Selain itu, tak tanggung-tanggung, Indonesia juga mengimpor kapas sekitar 99,2 persen dari semua kebutuhan kapas nasional per tahun, dan menjadi salah satu importir kapas terbesar di dunia. Padahal Indonesia membutuhkan setidaknya 700 ribu ton kapas per tahun. "Kita masih impor sekitar 99,2 persenlah untuk bahan katun," ungkap Kepala Badan Pengkajian Kebijakan Iklim dan Mutu Industri (BPKIMI) Kementerian Perindustrian Aryanto, dikutip dari Kemenperin.

Melihat kondisi tersebut, Kemenperin pun berkoordinasi dengan pemangku kepentingan terkait menjalin sinergi untuk menetapkan kebijakan khusus dan tepat bagi industri TPT nasional. Sehingga akan memperkuat kemampuan industri TPT dalam sektor harga dan juga dapat bersaing memenuhi permintaan pasar global.

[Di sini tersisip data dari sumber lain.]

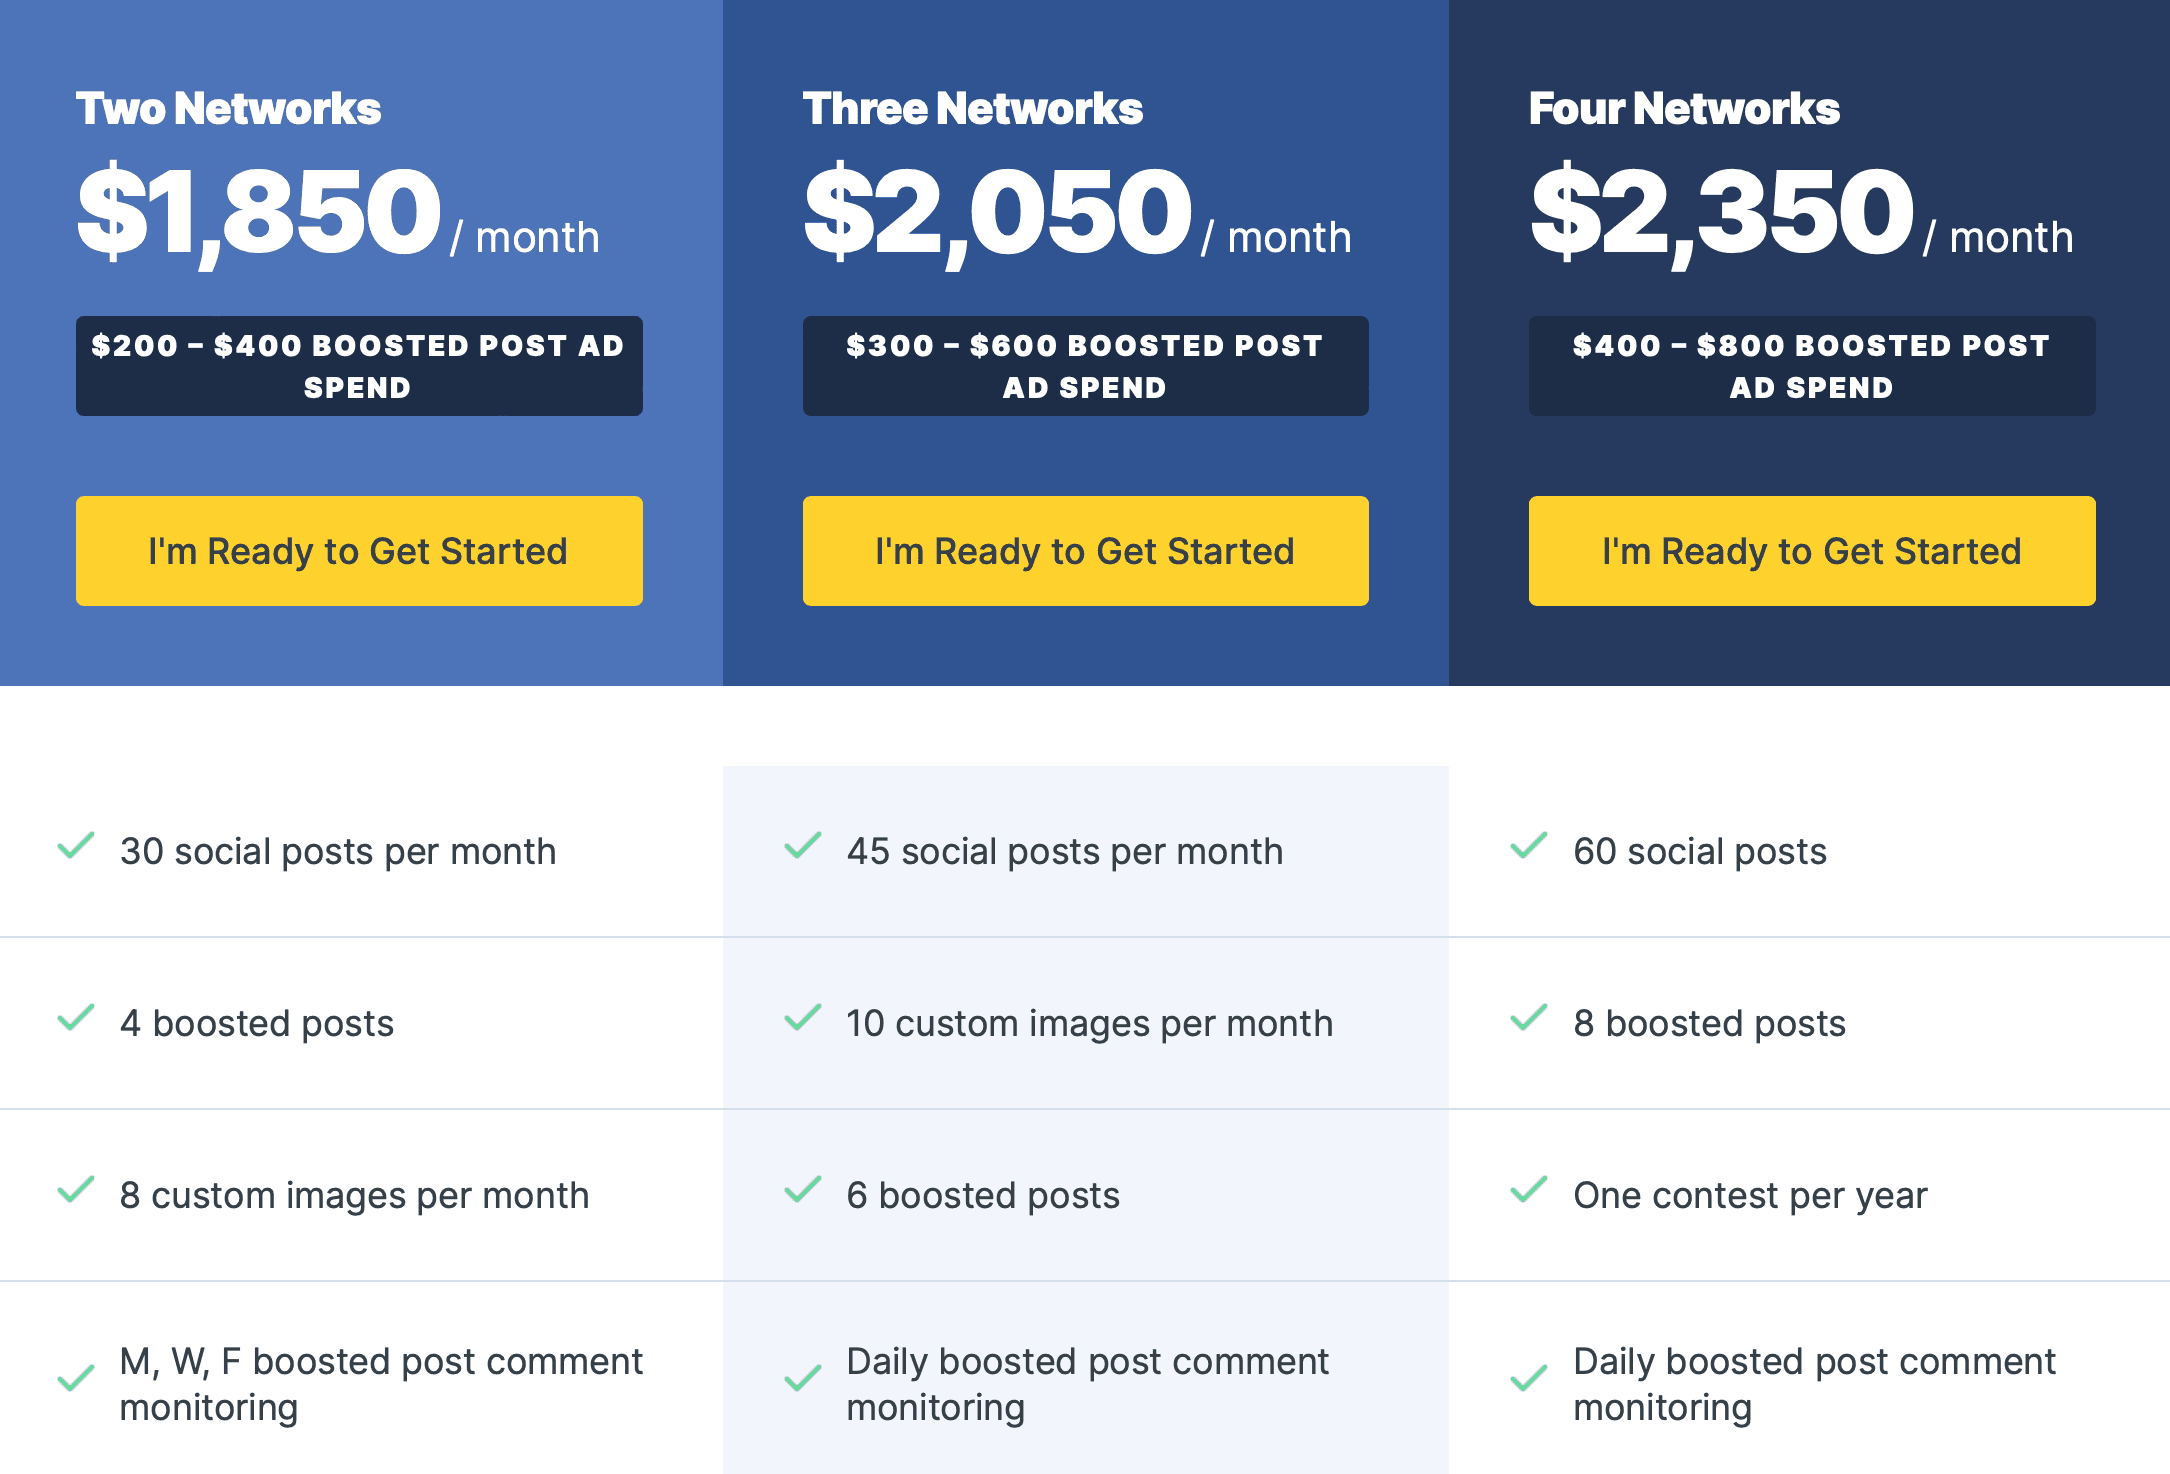 Pricing/Packages

“Terdapat beberapa insentif yang dinilai paling berpotensi mendongkrak nilai ekspor industri TPT, antara lain pembebasan pajak pertambahan nilai bagi bahan baku industri TPT yang berorientasi ekspor dan kebijakan harga gas yang berskala keekonomian,” kata Menteri Airlangga dikutip dari Antara.

Menurut Airlangga, pembebasan pajak pertambahan nilai itu bertujuan untuk membuat produsen tekstil dan pakaian jadi beralih dari bahan baku impor ke bahan baku produksi dalam negeri. Sedangkan, gas dengan harga yang murah, akan dapat mengurangi beban pengusaha dalam pengeluaran biaya energi karena tarif listrik yang cukup mahal.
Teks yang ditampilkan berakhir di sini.